Public schools in China are usually conservative with regards to the way they use outdoor space. The norm is for most large courtyards or outdoor areas in Chinese public schools to be anchored by monuments of famous national heroes or athletes, or perhaps dominated by a globe-like sculpture. Oscar Ko and Gu Yundan of Beijing practice Interval Architects decided that they would break the mould with Rollercoaster — an ergonomic, pedestrian friendly, 1,200 sq-m sculptural pavilion in the tranquil outdoor central square of Beijing Huangzhuang Vocational School, one the best vocational schools in Beijing.

"Chinese public schools typically have a lot of public spaces. But most of them are vast open areas that are under-defined and can hardly be used by students and teachers," says Ko. "So we wanted to create an efficient public space.
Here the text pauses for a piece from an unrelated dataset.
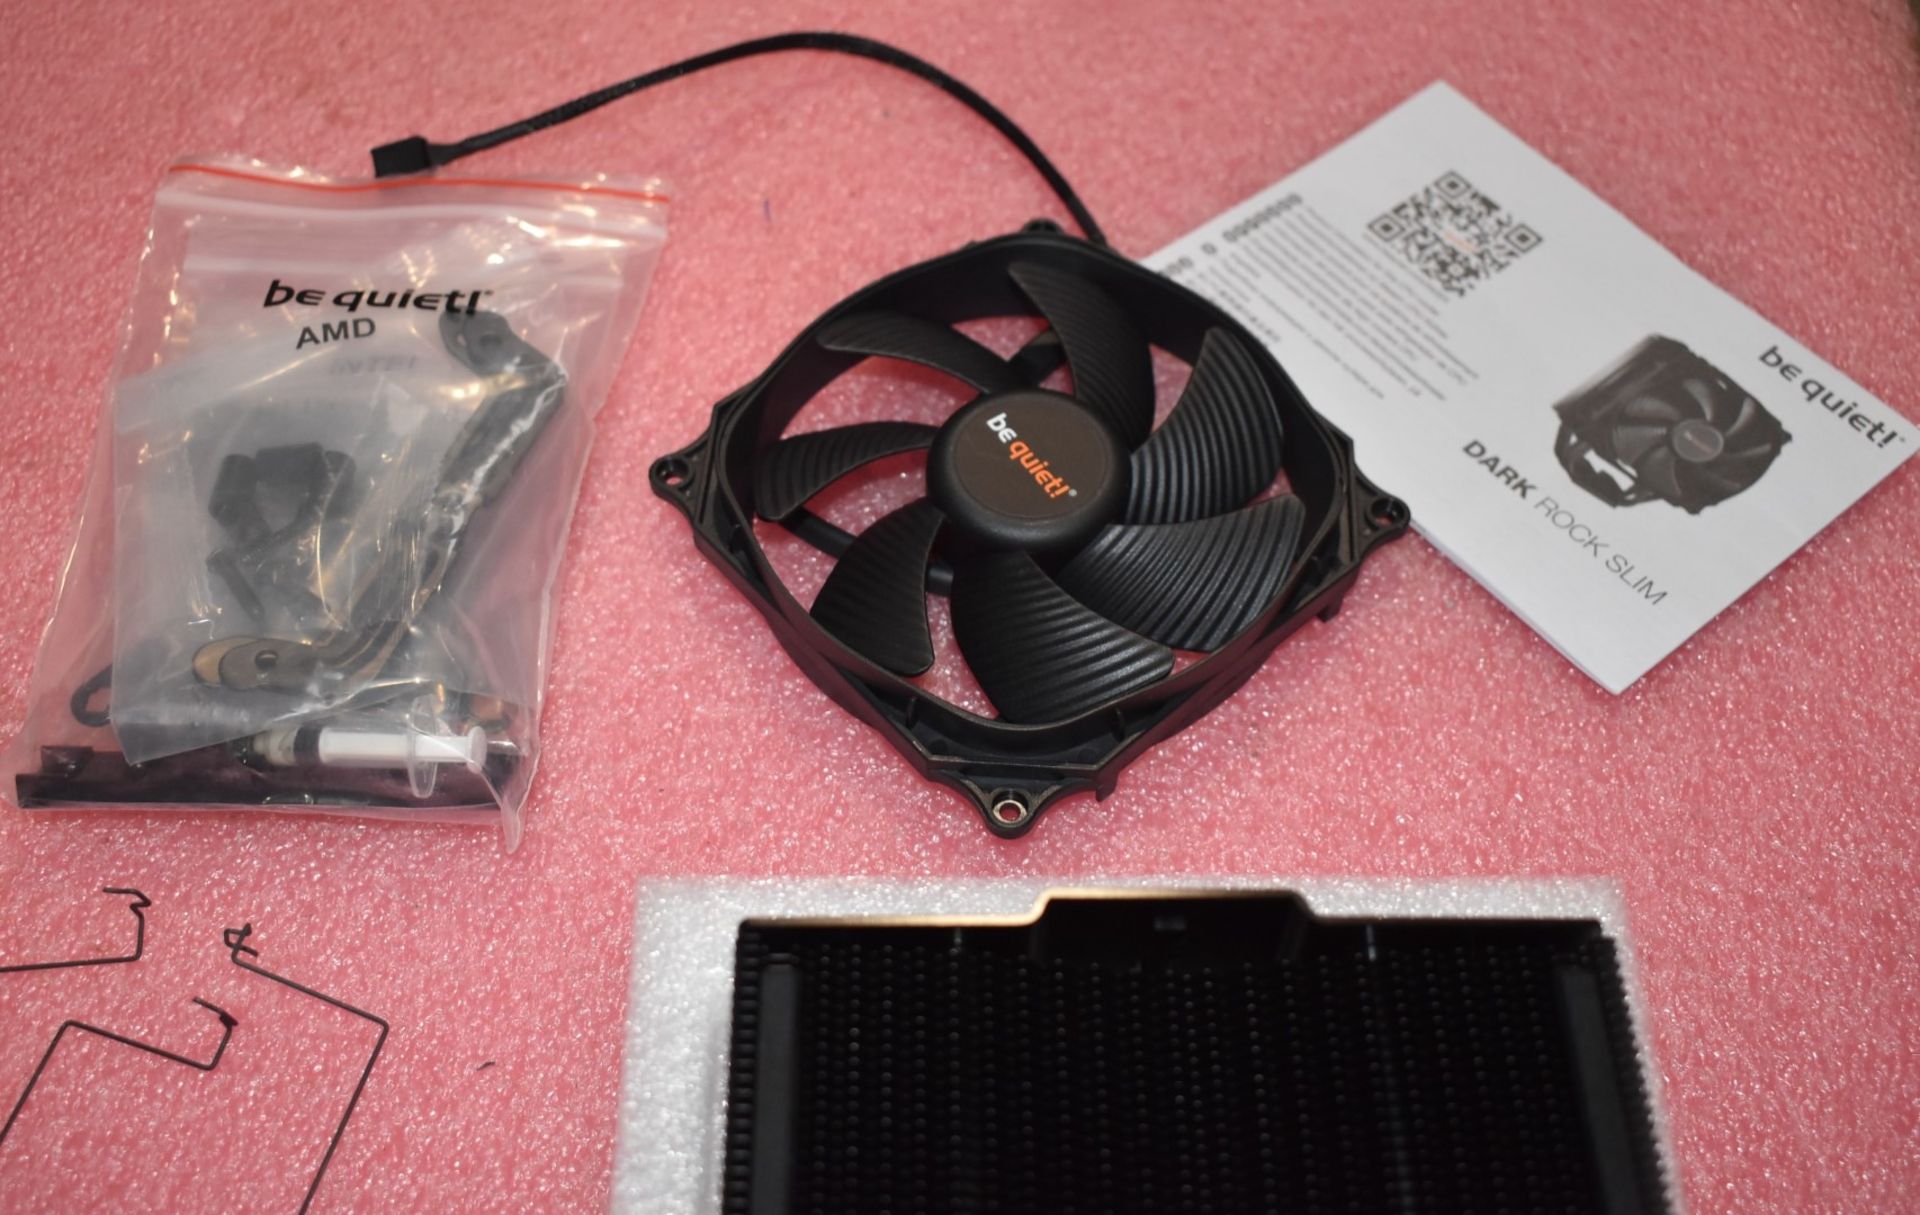 1 x BeQuiet Dark Rock Slim CPU Cooler With 120mm Fan - Image 4 of 8

The Rollercoaster project presented a new attitude and a new way of activating a public space in Chinese public schools. It redefines the use of an existing public space on the central square of the campus."

Before the Rollercoaster came along, the central square of the school was occupied by a single monumental sculpture placed on a huge pedestal of the traditional variety. Ko and Gu realised that this created a lack of a useful, welcoming space for students to congregate or interact. "What a school really needs is not a monument in the centre of the campus, but a humanistic and functional gathering space for students and an event space for school activities," says Gu.